The ASR system introduced in this project can be used as a foundation to automate the generation of progress reports for Psychotherapy sessions. A further enhancement is possible when paired with other predictive methodologies to analyze the results to provide the right course of action for the patient.
In the [Solution Technical Details](#solution-technical-details) section, the interested reader can find a more thorough technical discussion regarding the ASR solution presented in this reference kit, while the components of the ASR system workflow are described in the [How it Works section](#how-it-works), along with an explanation on how Intel® Extension for PyTorch\* and Intel® Neural Compressor are useful in boosting the training and inference performance of the system.
For more details, visit [Intel® Distribution for Python](https://www.intel.com/content/www/us/en/developer/tools/oneapi/distribution-for-python.html), [Intel® Extension for PyTorch\*](https://www.intel.com/content/www/us/en/developer/tools/oneapi/optimization-for-pytorch.html#gs.5vjhbw), [Intel® Neural Compressor](https://www.intel.com/content/www/us/en/developer/tools/oneapi/neural-compressor.html#gs.5vjr1p), and the [AI Transcription](https://github.com/oneapi-src/ai-transcribe) GitHub repository.
## Solution Technical Details
In this section, the interested reader can find a more in deep explanation regarding the speech-to-text mapping process implemented by the proposed ASR solution. A description of the datasets used by the ASR pipeline is also presented.
### Speech to Text Conversion Using the Wav2vec-U Framework
Human language encompasses various facets of expression, including spoken communication, written text and sign language [[4]](#mehrish_2023). For speech, the concept of phonemes is essential as they can be seen as descriptors that represent the different sounds which distinguish words from each other, e.g., the word cat entails three phonemes /K/, /AE/ and /T/, which correspond to the three distinct sounds that makes up the pronunciation of the word [[5]](#baevsky_2021). As will be seen later in the implementation of this reference kit ASR system, the use of phonemes becomes very important to achieve high accuracy in the speech-to-text task.
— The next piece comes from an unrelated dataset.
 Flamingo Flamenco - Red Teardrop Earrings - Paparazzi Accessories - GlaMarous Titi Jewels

The present reference kit provides a solution that carries out the process of converting speech to text by leveraging a toolkit called Fairseq (Facebook\* AI Research Sequence-to-Sequence Toolkit) developed by Meta\*. Fairseq allows to train custom models to address multiple sequence-to-sequence problems, including translation and summarization. Please refer to the [Fairseq](https://github.com/facebookresearch/fairseq) repository to learn all the details behind this toolkit.
To be more specific, with the aim of achieving the speech transcription task, this reference kit utilizes a specialized Fairseq framework called Wav2vec-U, which performs training speech recognition in an unsupervised manner, given no labeled training data at all. Wav2vec-U is part of the ASR systems that work in a two-step pipeline: a preprocessing stage followed by the unsupervised training stage, with the goal of mapping input audio speech signals into phoneme sequences [[6]](#liu_2023). Next, the stages of the Wav2vec-U framework are outlined according to the research paper [[5]](#baevsky_2021) where this methodology is proposed.
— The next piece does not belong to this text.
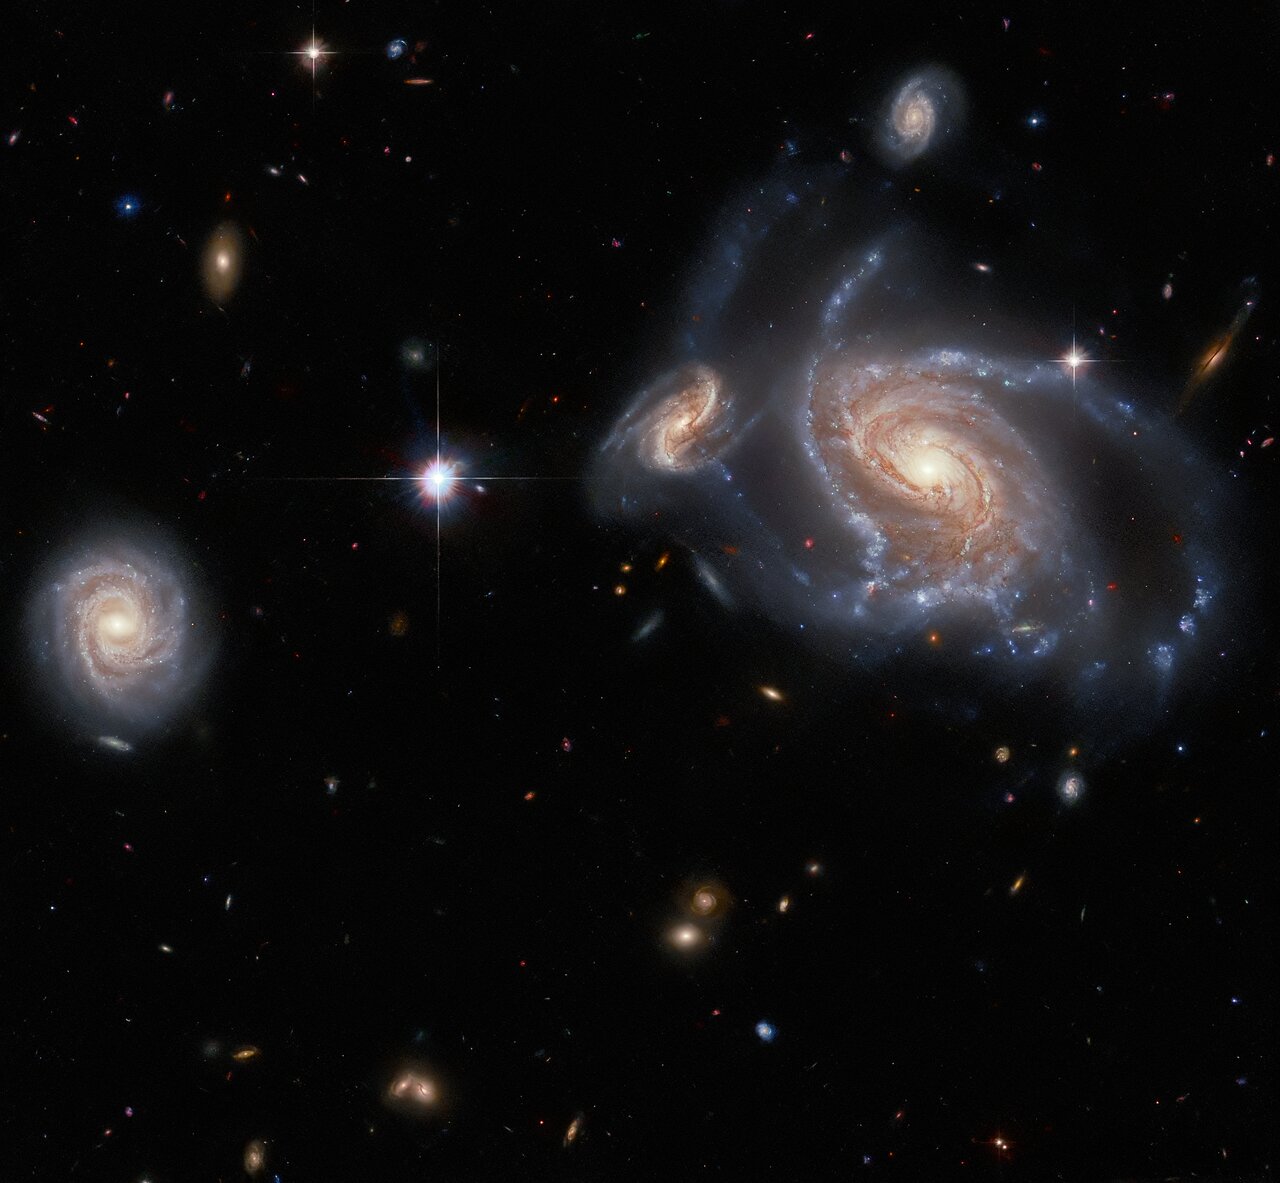 Hubble Views a Vast Galactic Neighborhood

1) Speech signal representations are extracted by the wav2vec 2.0 model [[7]](#baevsky_2020) using self-supervised learning. The wav2vec 2.0 model implements a convolutional feature encoder to maps raw audio sequences to latent speech representations, which a Transformer converts into context representations.
2) K-means clustering is applied to the speech representations with the aim to grouping similar phonetic characteristics.
3) The clusters are leveraged to introduce speech segment boundaries whenever the cluster identifier changes.
4) Segmented representations are build using Principal Component Analysis (PCA) for dimensionality reduction and a mean-pooled process that also includes adjacent segments.
5) From this stage, the training process starts by using a GAN, inputting the segmented representations to the generator, whose outcomes are phoneme sequences. These phonemes correspond to the transcriptions of the initial input audio signals.
6) The discriminator is fed with unlabeled phonemized text, as well as with the phoneme sequences produced by the generator.
7) The discriminator is trained to determine whether the phonemes come from the generator (fake) or from the unlabeled text data (real).**Note:** It is especially important to consider that the transcriptions produced by the GAN are presented as phonemes. The reason behind this is that it was found easier to learn a mapping between speech audio and phonemes rather than between speech audio and letters or words [[5]](#baevsky_2021).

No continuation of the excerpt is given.